November 21, 2006

Skin

All the participants in the Plasticization Exhibit I visited last summer are life-size volunteers without their skin. Nobody said how they volunteered or how willing they might have been. I hope they just volunteered through the medium of their last wills and testaments to be done with as the plasticizers chose and not some other way. At any rate, it’s quite a sight wandering through the exhibit and realizing just how much our skins cover up and contain. Watching the watchers had its moments, too.

One volunteer guy is shown walking along in his sub-wherewithall carrying his skin over his arm like a topcoat which, of course, it is, sort of. Another is going through the motion of serving a tennis ball complete with racket in hand. Still another is riding a skinless horse.

Some churchers have protested the morality of this sort of thing as taking away from our dignity as human beings. Maybe so, but the way we allow so many to go hungry and sick and spend all our money on killing people seems a lot more indignant to me.

Our skins are the largest organ in our bodies. They’re said to be “in” and not “on” I suspect because our bodies start on the surface of the skin, the epidermis, and not underneath where what’s called the dermis and the subcutaneous fat, the part that makes us lumpy.

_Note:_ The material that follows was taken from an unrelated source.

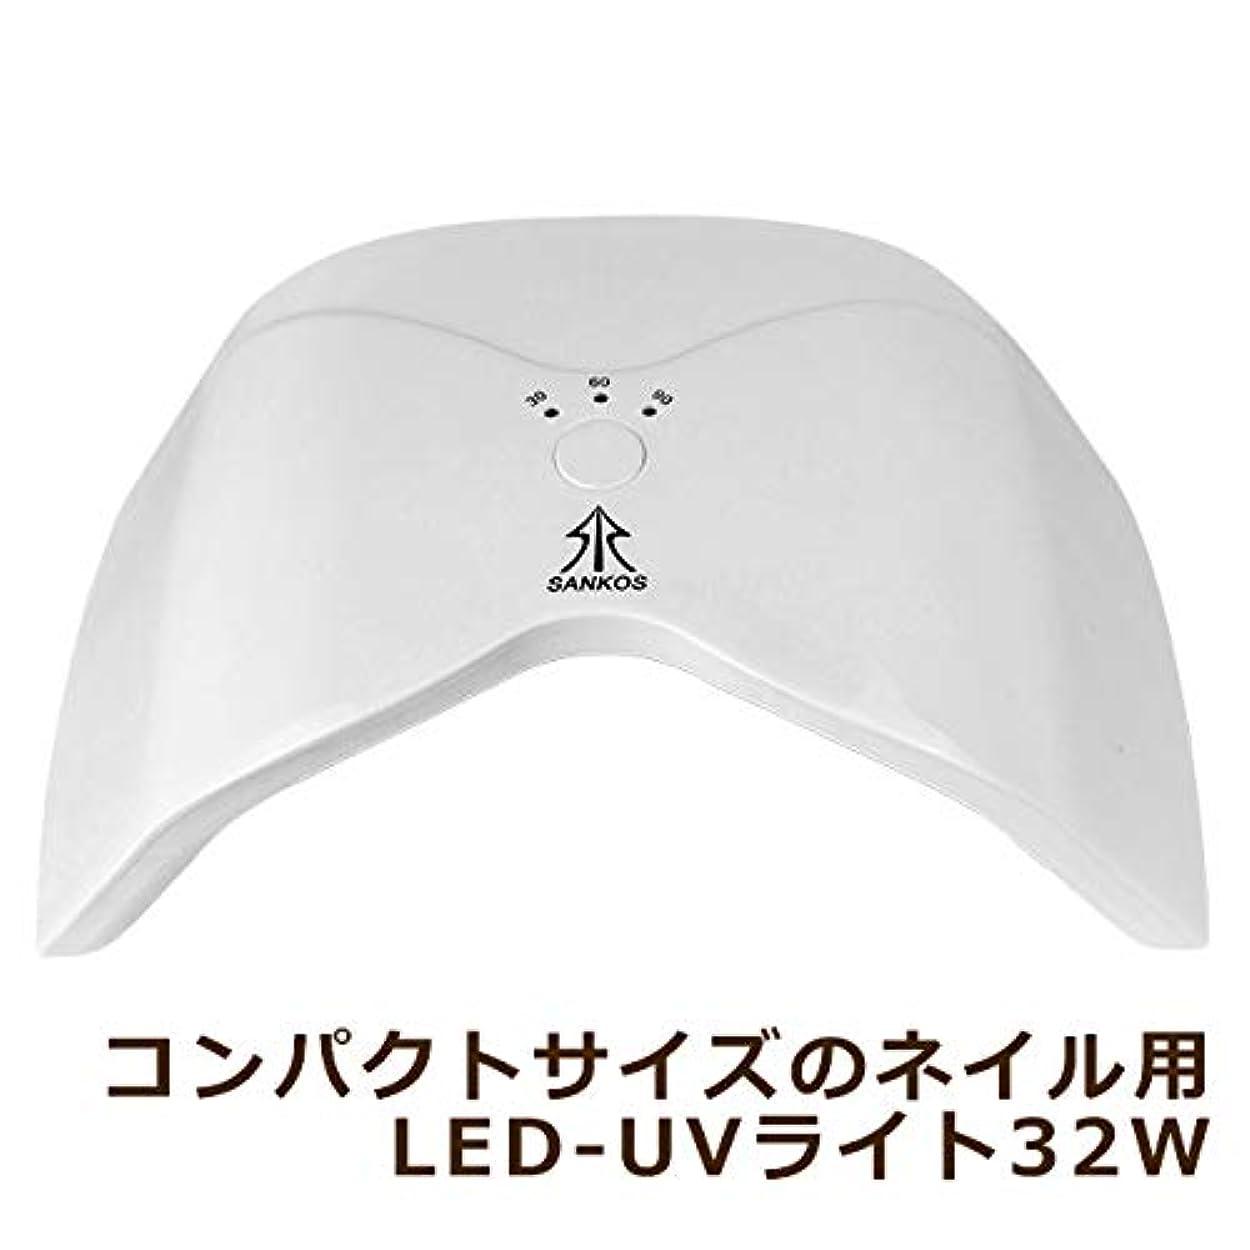 施設ペック適度な【新入荷】コンパクトサイズ ネイル用 LED-UVライト 32W (LED&UV両方対応)30秒?60秒?90秒タイマー付 (ホワイト)

Skins are very efficient. They not only keep all our working parts from getting all out of order and spilling out in disarray, they help regulate body temperature, and perhaps best of all, they provide us with a sense of touch. I just wish mine wouldn’t stretch so much. I don’t especially need a bod like Arnold Schwarzenegger. I’d frankly settle for looking maybe more like Robert Redford.

All this is suddenly on my mind because I had an appointment with the dermatologist today to check out some recent intruders. He was mighty thorough and, I’m pleased to say, said I had pretty good skin for a person my age. I don’t know why people always seem to have to add that qualifier — for eyes and teeth and even cornet playing. Whatever, I’m glad I’ve got a skin that’s still reasonably intact and holding the rest of me together. Having seen those plasticized folk is enough for now.